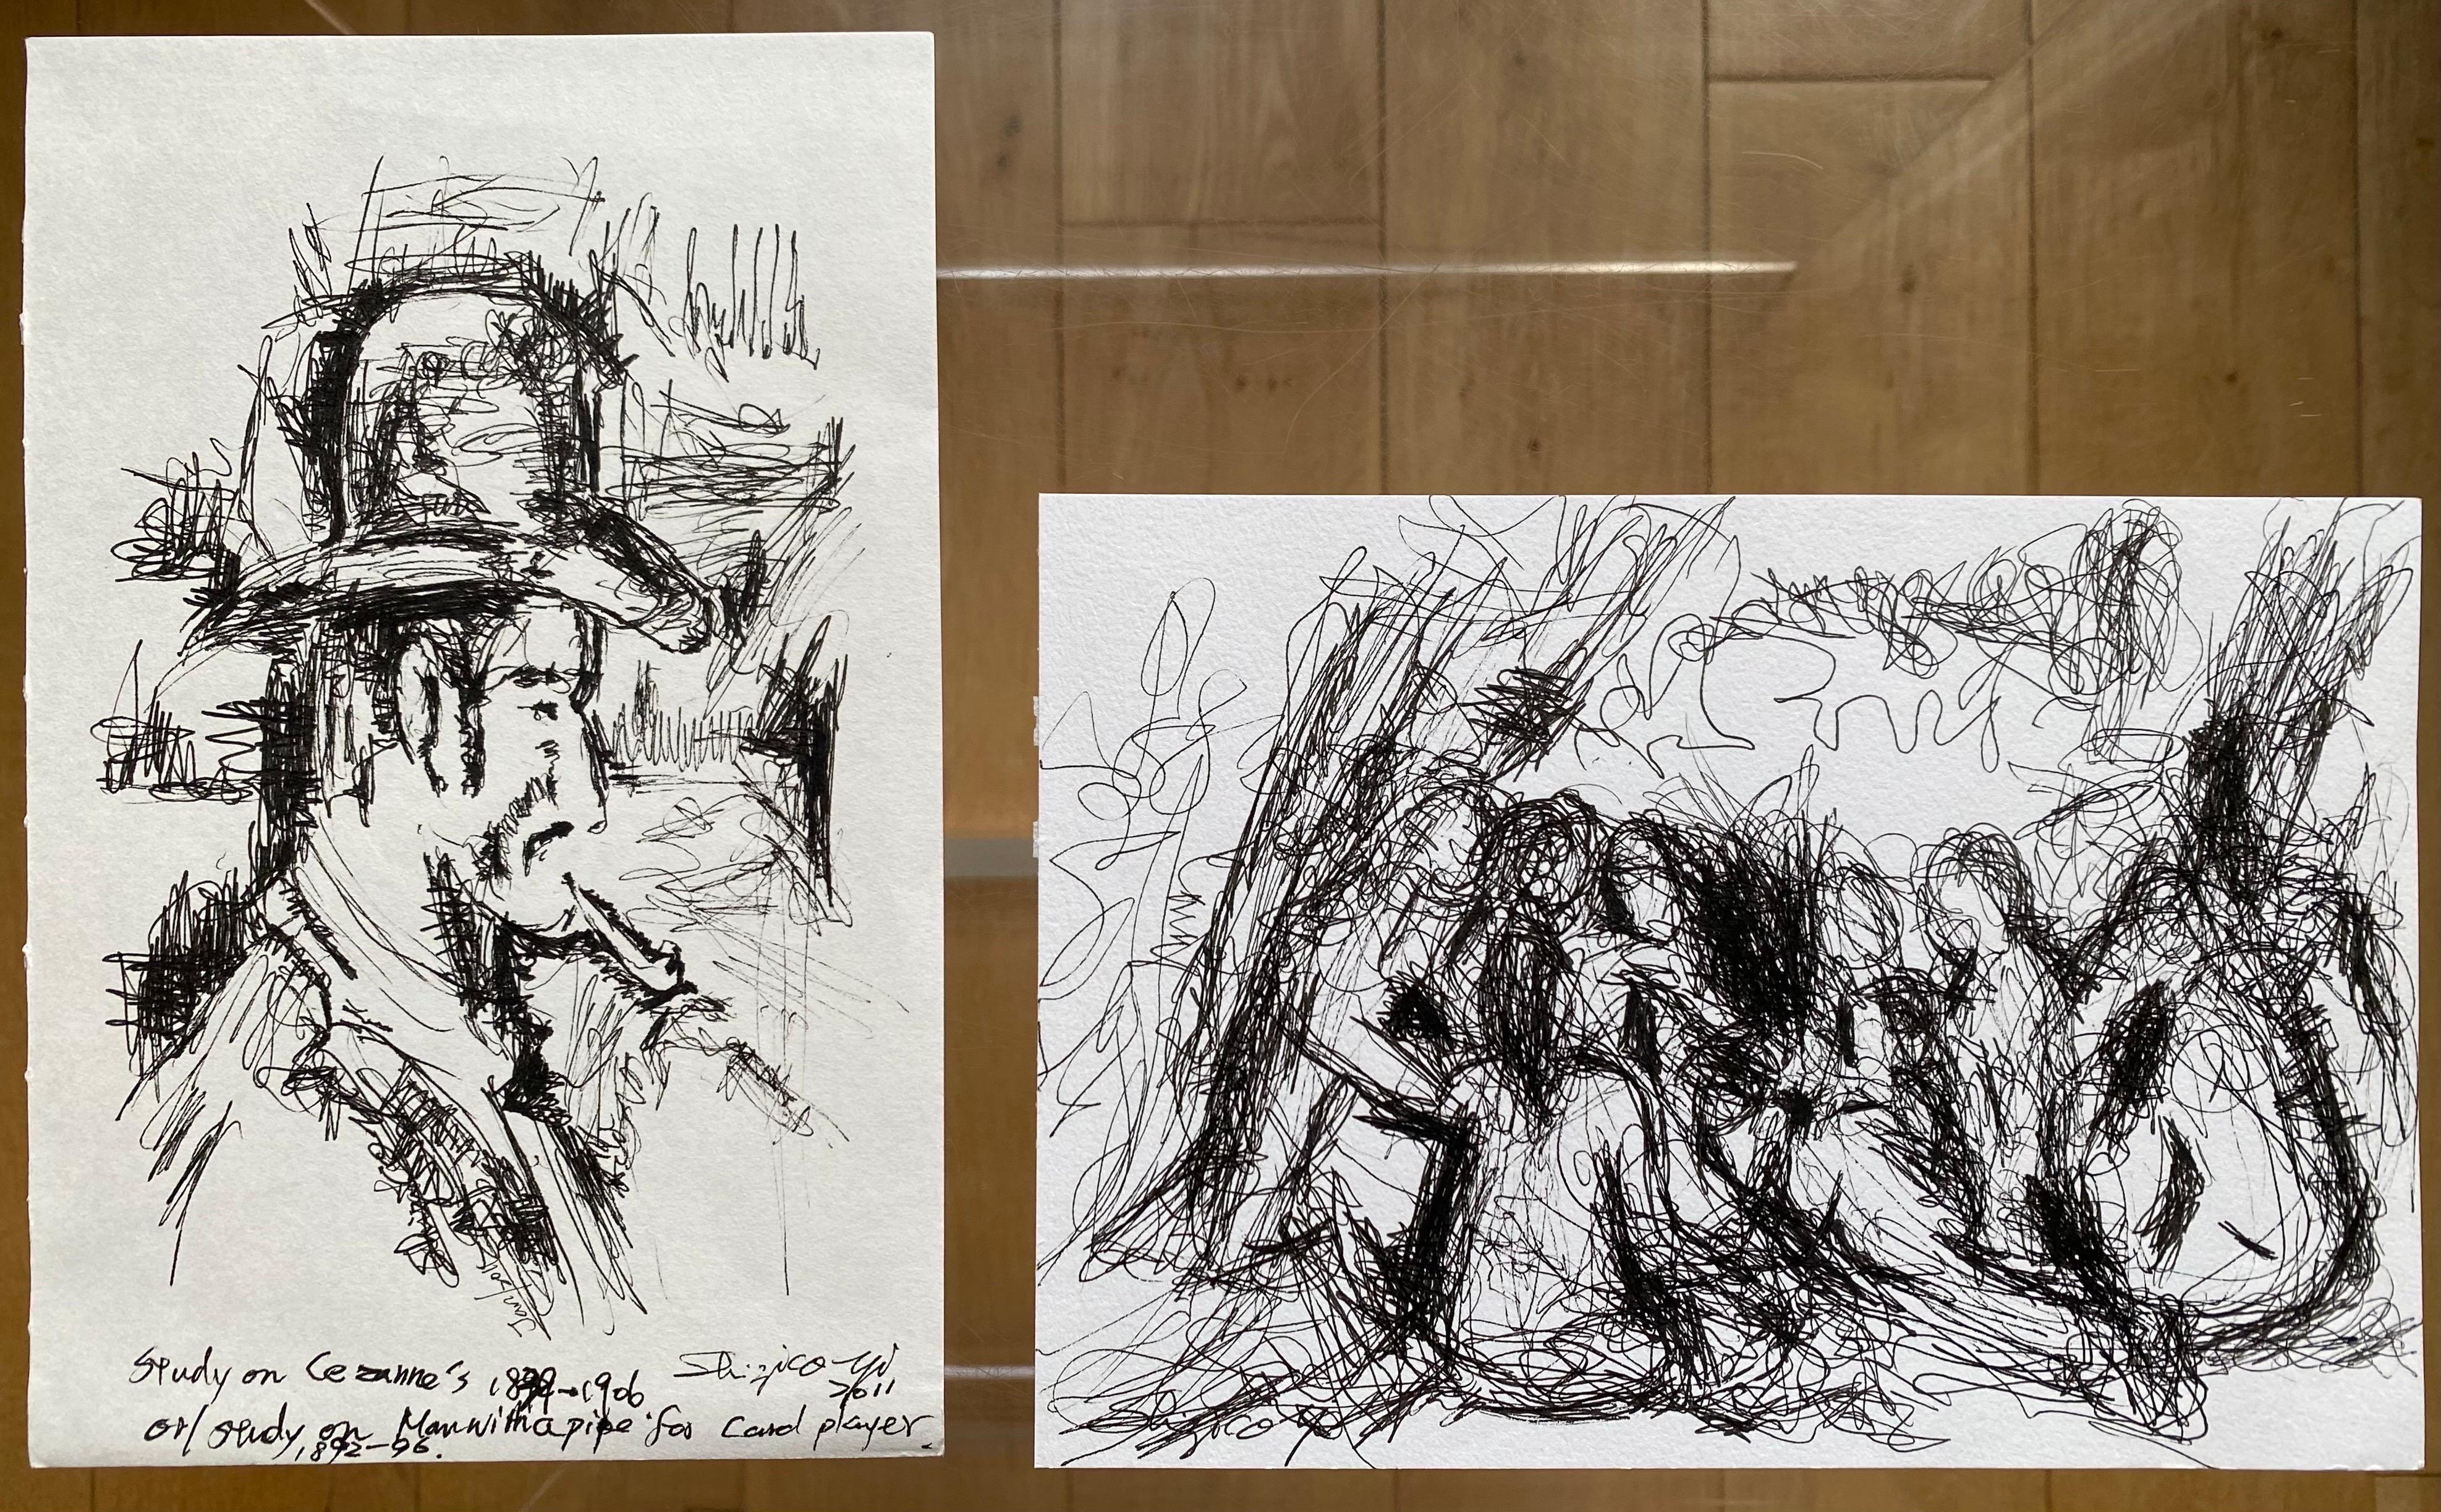 Zu dieser Reihe von Zeichnungen gehören zwei Studien von Cezannes Gemälden in der National Gallery und der Courtauld Gallery in London, wo Shizico Yi ihr Handwerk im Zeichnen von alten Meistern in Museen erlernte, ein Projekt, das sie 2005
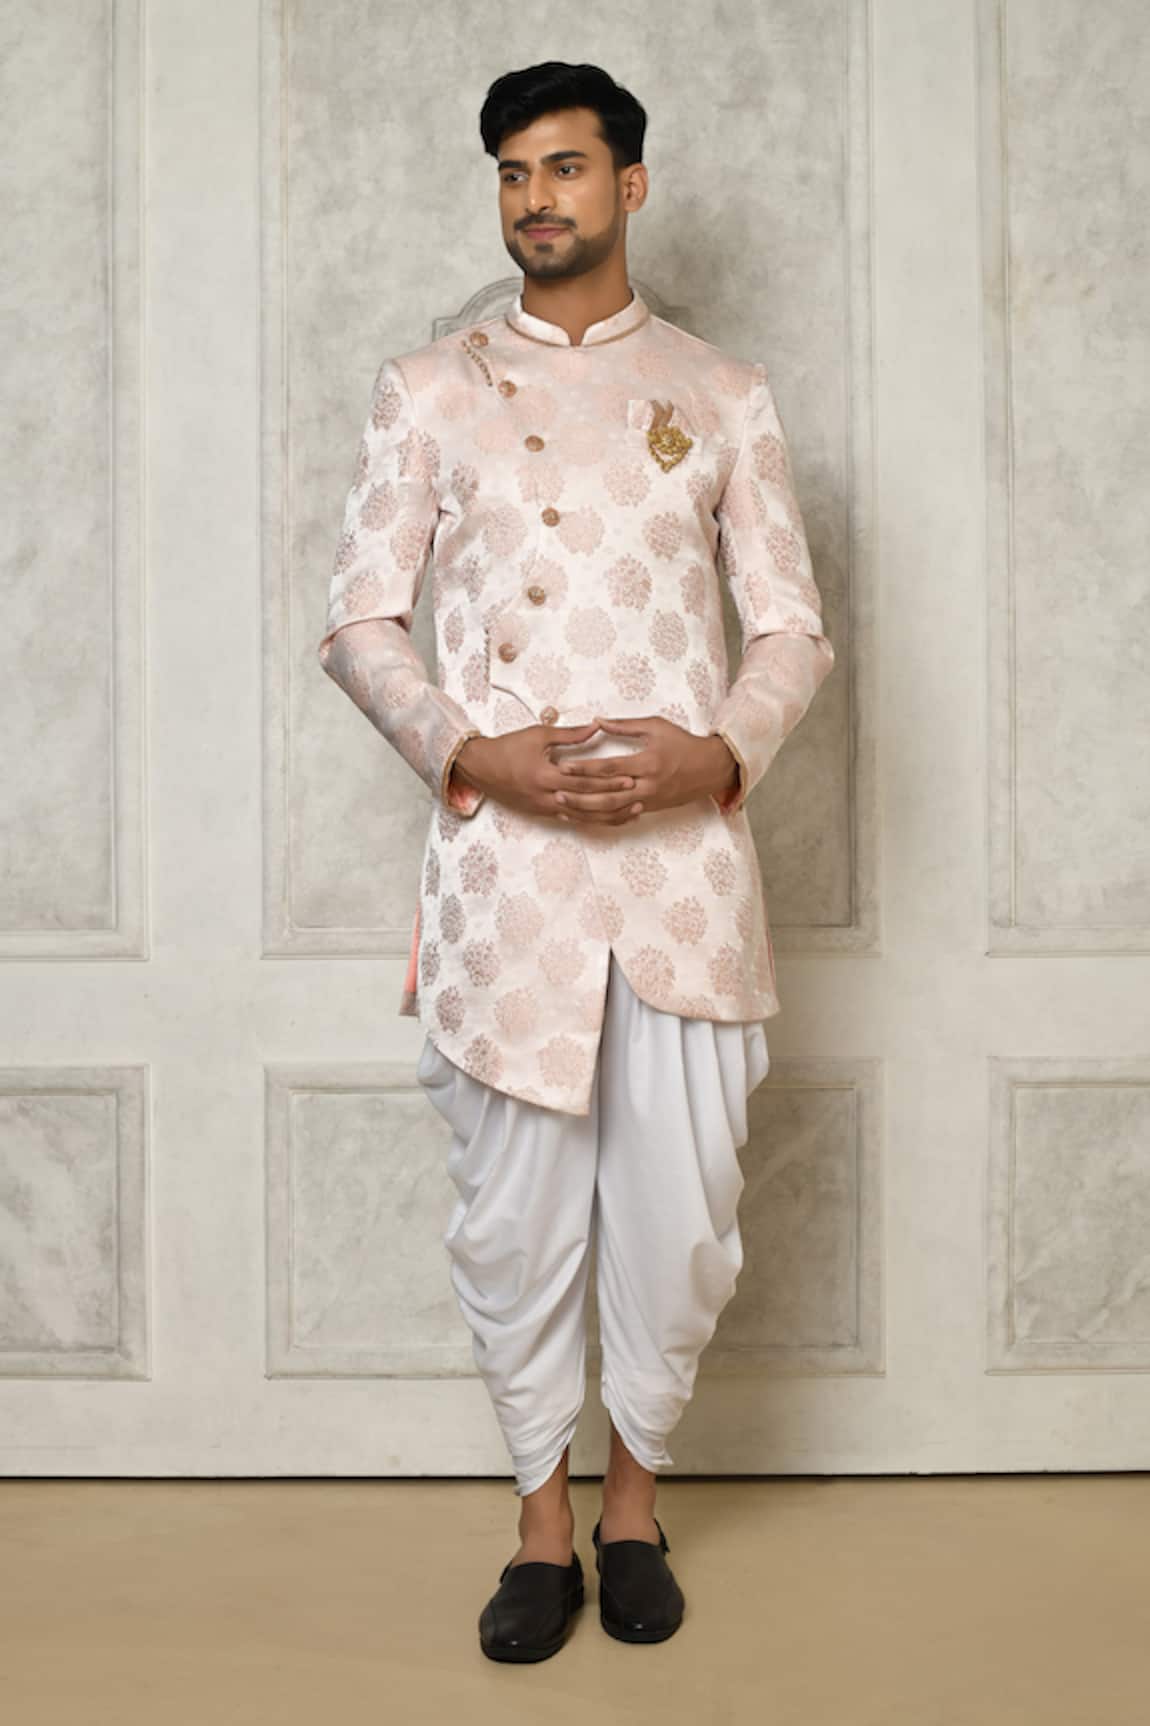 Aryavir Malhotra Floral Butti Pattern Sherwani With Dhoti Pant
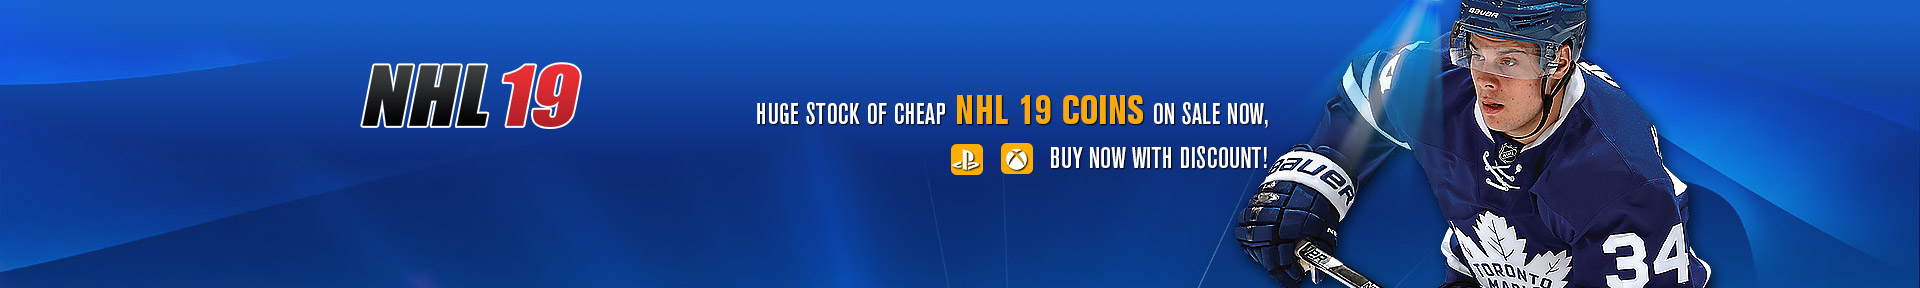 NHL 19 Coins

WHAT TO WORK ON :: Please write out the lines above exactly, from the one that contains "Aryavir Malhotra Floral" through the final line, and include none of the pictures.

WRITTEN ANSWER ::
 Aryavir Malhotra Floral Butti Pattern Sherwani With Dhoti Pant
 NHL 19 Coins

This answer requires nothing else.